Prognostic potential of tumoral FOXP3 expression in relation with tumor-infiltrating regulatory T cells in human gastric cancers.

Abstract

e15036 Background: Expression of the transcription factor FOXP3 is crucial for the regulatory T cells (Tregs) that engage in the maintenance of immunological self-tolerance and immune homeostasis. Recently, expression of FOXP3 in cancer cells and its association with prognosis have been shown in clinical studies. For gastric cancer, however, prognostic significance of the tumoral FOXP3 expression and its relationship with Tregs remains unknown. We observed the tumoral FOXP3 and Tregs from the 118 gastric cancer patients who underwent surgery to explore its relationships with the prognosis. Methods: Tissue samples from 118 cases of gastric cancer were used for the present study. We investigated the tumoral expression of FOXP3 and Tregs count in human gastric cancer tissue by the use of immunohistochemical analysis using a tissue microarray to explore the relation with clinicopathological variables by retrospective manner.
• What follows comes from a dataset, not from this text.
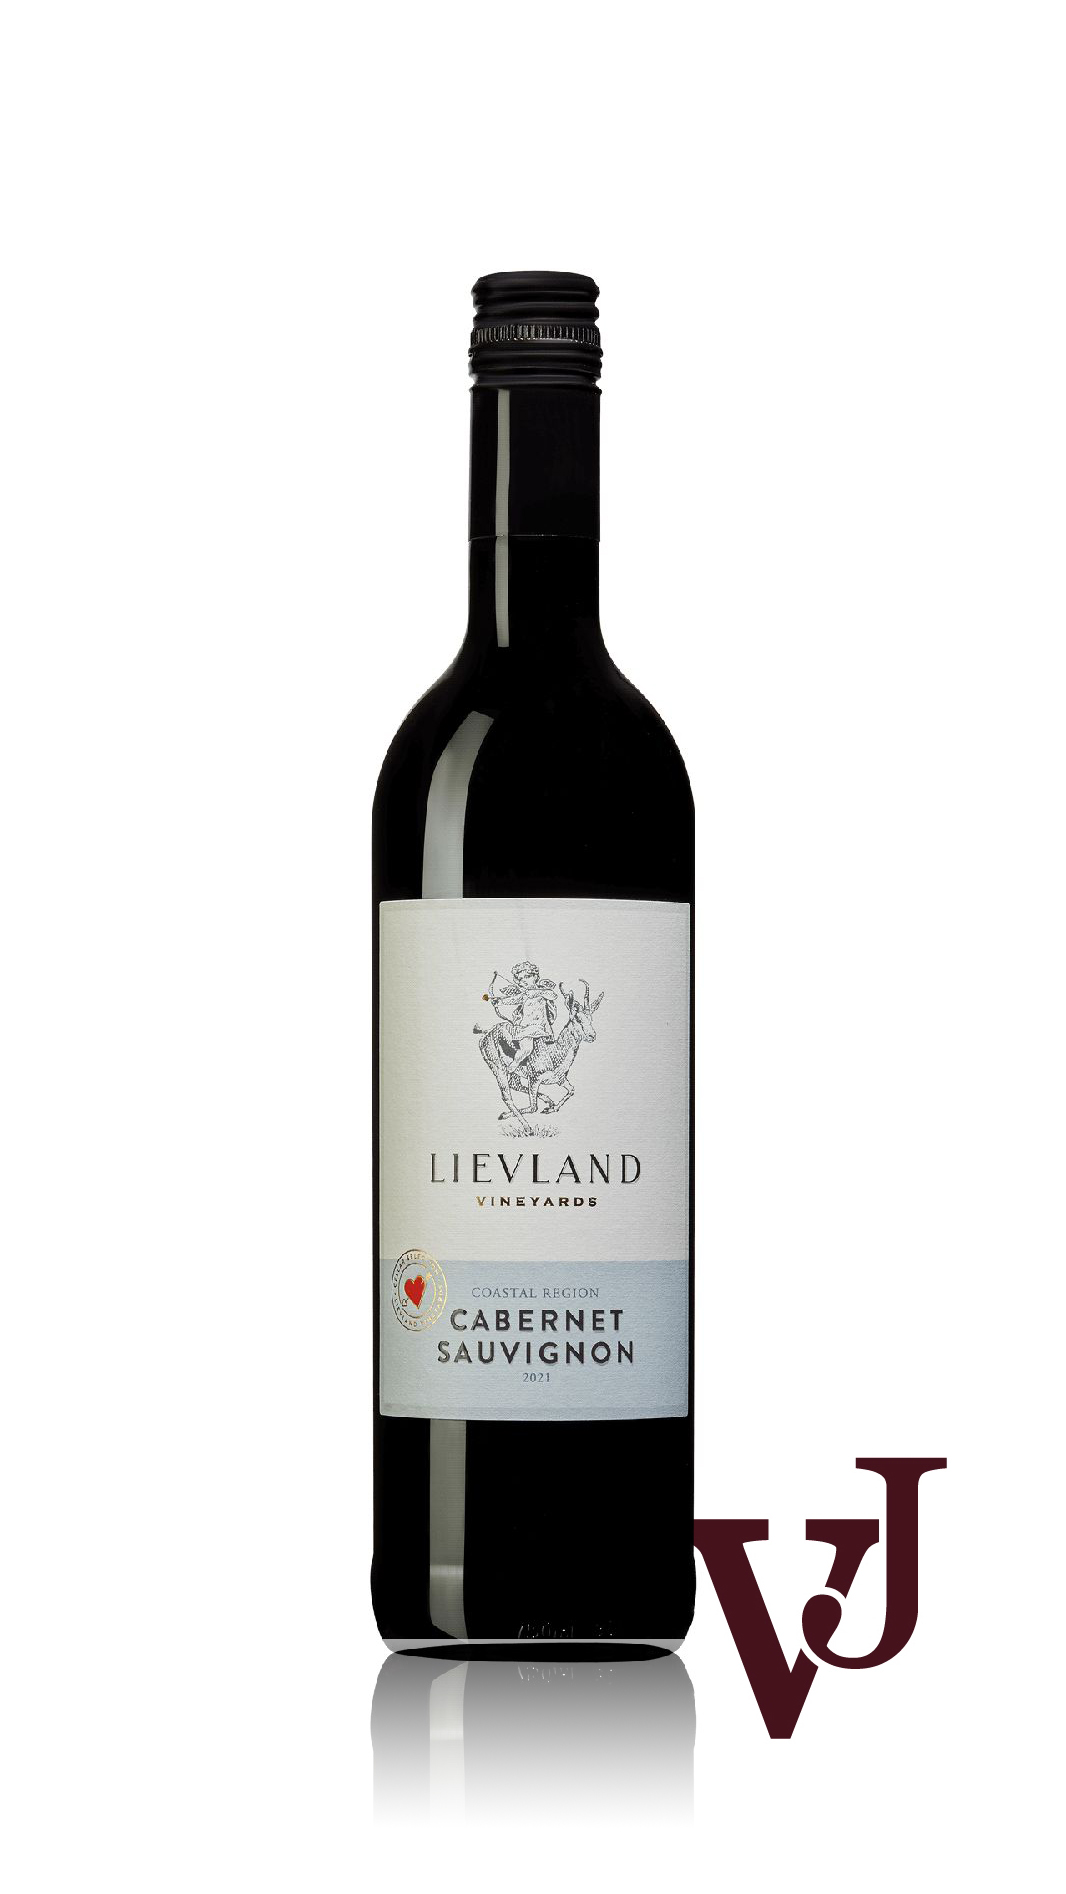 Rött Vin - Lievland Cellar Selection Cabernet Sauvignon 2021 artikel nummer 253401 från producenten Lievland Vineyards från Sydafrika
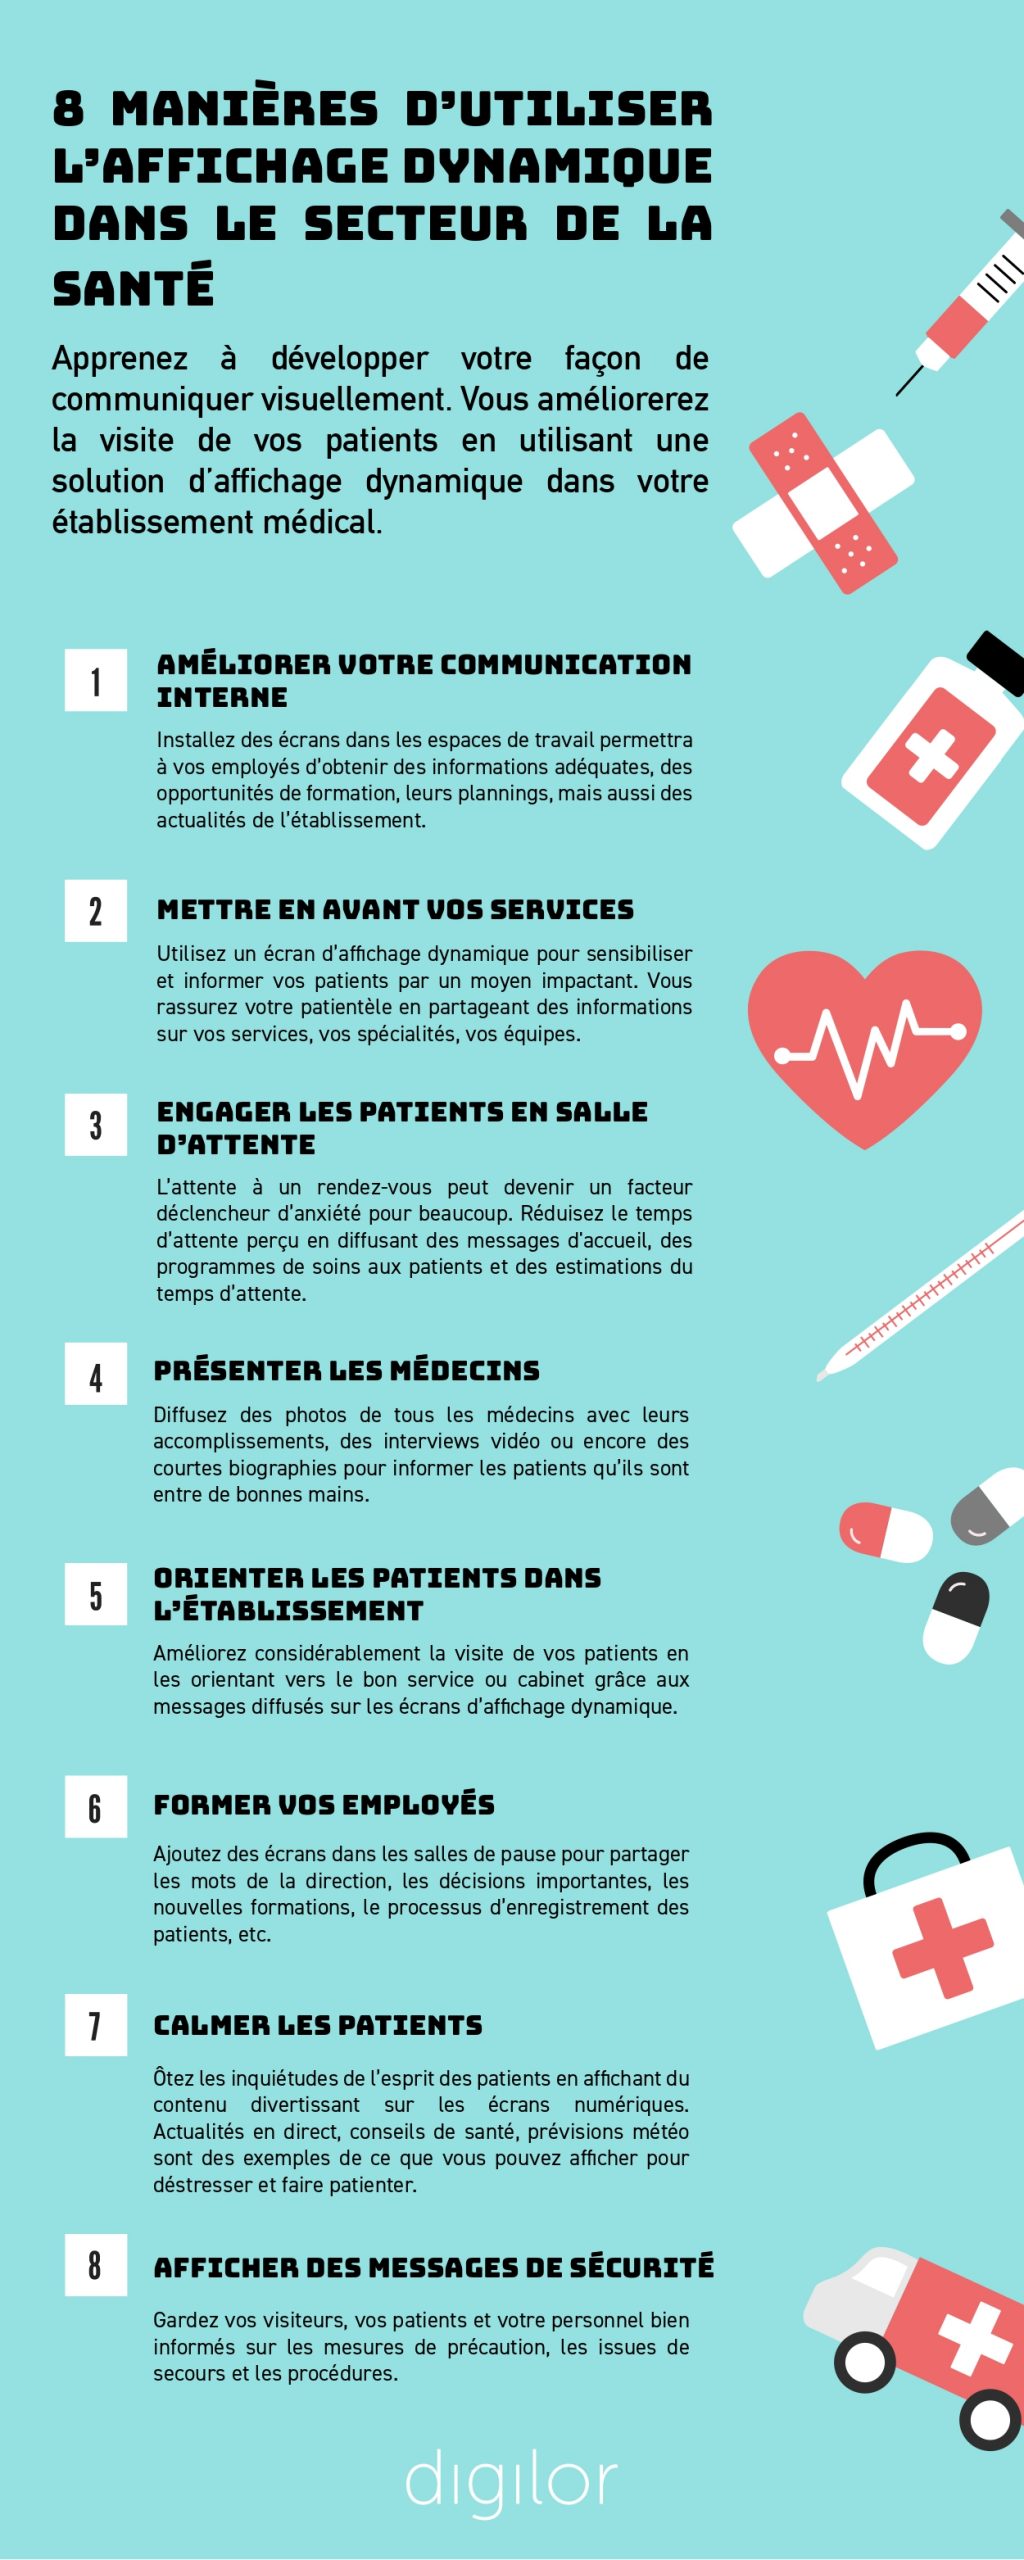 8 manières d’utiliser l’affichage dynamique dans le secteur de la santé

Results: FOXP3-positive cancer cells were observed in 62 of 118 (52.5%) patients. Positive Tregs (Tregs≥10/HPF) were observed in 66 of 118 (55.9%) patients. There was significant positive relationship between positive Tregs count and the tumoral FOXP3 expression (P=0.006).Positive tumoral FOXP3 expression was significantly related with the better disease free survival but not with the overall survival. But increased Tregs count was significantly related with the better overall survival (P<0.01, P<0.01, respectively). When we divide the patients into four groups by the FOXP3 expression and the Tregs count, FOXP3/Tregs(+/+) group showed the best overall survival followed by FOXP3/Tregs(-/+) group, FOXP3/Tregs(+/-,) and FOXP3/Tregs(-/-), respectively. And the survival difference between the FOXP3/Tregs(+/+)-FOXP3/Tregs(-/+) group and the FOXP3/Tregs(+/-)-FOXP3/Tregs(-/-)group became more prominent by the Tregs count. Conclusions: These results suggest that positive tumoral FOXP3 expression in relation with the high Treg count is a new prognostic marker in gastric cancer. The combination of tumoral FOXP3 and Tregs enhanced its statistical power more than separated as a prognostic marker.